Artwork will be painted “Affton purple”
“The Affton School District’s Early Childhood Education Center — which Board Vice President Doug Beck calls “the best thing this board has done for the district in years” — is taking shape, as the countdown to fall’s grand opening continues.
Enrollment projections are firming up. The renovation of the structure on Reavis Road is more than halfway complete. And now a sculpture that is sure to catch the eye is about to pop off the design easel into three-dimensional reality.
The Affton School Board at its April 17 meeting approved the concept of an 11-foot high, dual-surfaced, quarter-inch rolled-steel sculpture it and artist Don Horstman believes will capture the spirit of the early childhood center. Horstman brought a scaled-down version of the sculpture to the meeting.
“I was called, and it was explained to me what the idea was. I got together with the superintendent, board members and the ECE director and based the design on those discussions and my own thoughts,” said Horstman, a former Affton District art teacher.
Horstman and his wife, co-innovator Carol Sue, have several metal sculptures they’ve rendered at their home in Fenton (see Times story at southcountytimes.com, search Horstman).
“I couldn’t wait, I was excited from the first,” Horstman said.
The metal sculpture will be painted “Affton purple,” topped by a yellow sun and multi-colored kites that rise above a group of young children at play. The work will be anchored in concrete on the Reavis Road side of the school. The gap between the child figures will be used as a planter for flowers or shrubs.
“One of the nice features is that you will be able to see the school building through the cut-out figures,” Horstman said.
“It will draw attention to the school, and I think it does give kids something to be excited about,” Director Chris Castellanos commented.
Board President Mike McNeil said after the meeting that the sculpture was not a donation, as the district is “paying some part of the costs associated.” McNeil said he did not recall the cost of the project, but that it was “part of the overall ECE budget.”
Superintendent Steve Brotherton said having the Horstmans, both former district teachers, associated with the project “makes for a nice connection.”
Board Reconvenes For 2012-2014 Session
The board of education re-elected its leadership at the April 17 meeting. Mike McNeil was named president, Doug Beck vice president and Thomas Bellavia treasurer. Patricia Zahn was re-installed after having won re-election in April’s only disputed race.
The only issue of contention was the selection of membership to the board’s four committees. Director Chris Castellanos said the practice of accepting the president’s appointments at the first reconvened meeting could be improved upon by choosing committees after district priorities had been discussed more. The board agreed to table committee appointments until after a June workshop was completed.

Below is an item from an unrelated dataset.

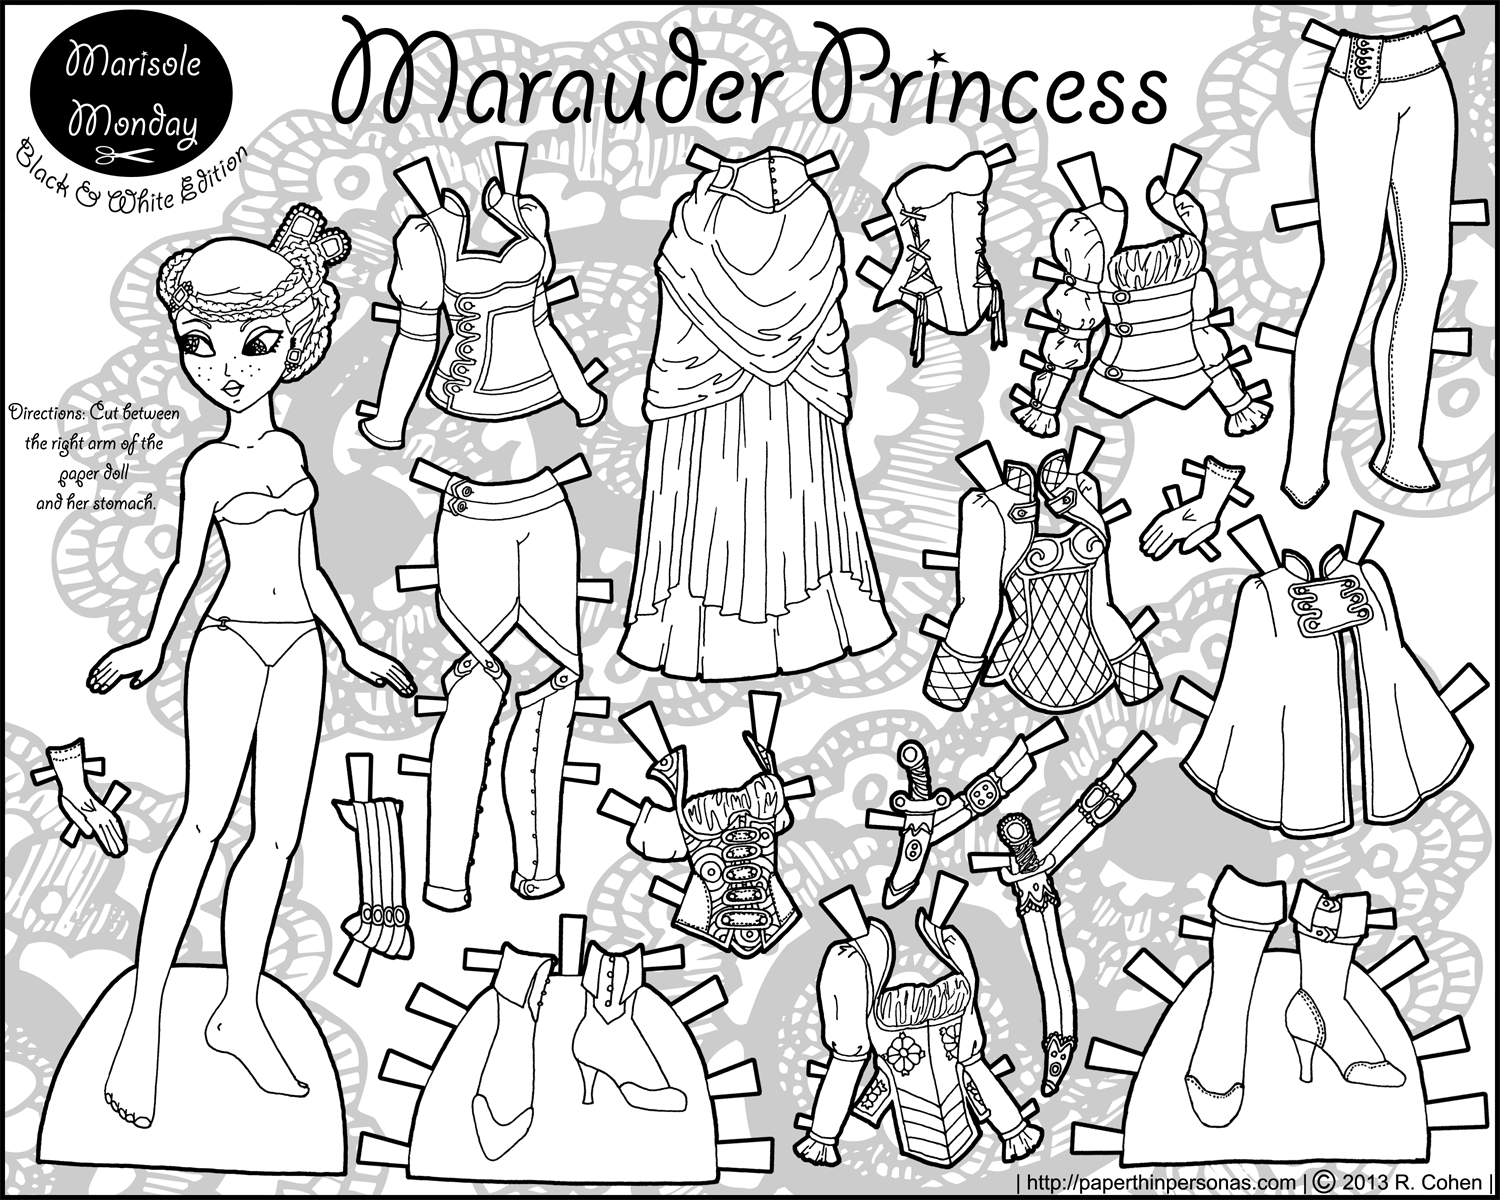 marisole marauder princess

The board approved seven “scholarships” per semester for potential students of the early-childhood center. The matter apparently created some lively discussion at a recent executive session, but the board overlooked its differences and unanimously approved the free admission offers.
The seven free tuitions for two half-day sessions per week will not be offered for general application, but will be allocated in line with the recommendations of the Parents As Teachers and ECE staff. The goal is to get some additional children who have been identified as facing “delayed development” though not qualified for special education.
District Business Manager John Brazeal reported to the board that a project it initiated in 2007 to attain energy cost savings by pursuing grants and strategically deploying resources has to date saved the district an estimated $129,000.
“We’ve looked at some efficiencies, and managed to add air conditioning throughout the district’s facilities while saving money on the natural gas side. It’s been a successful effort,” Brazeal said.”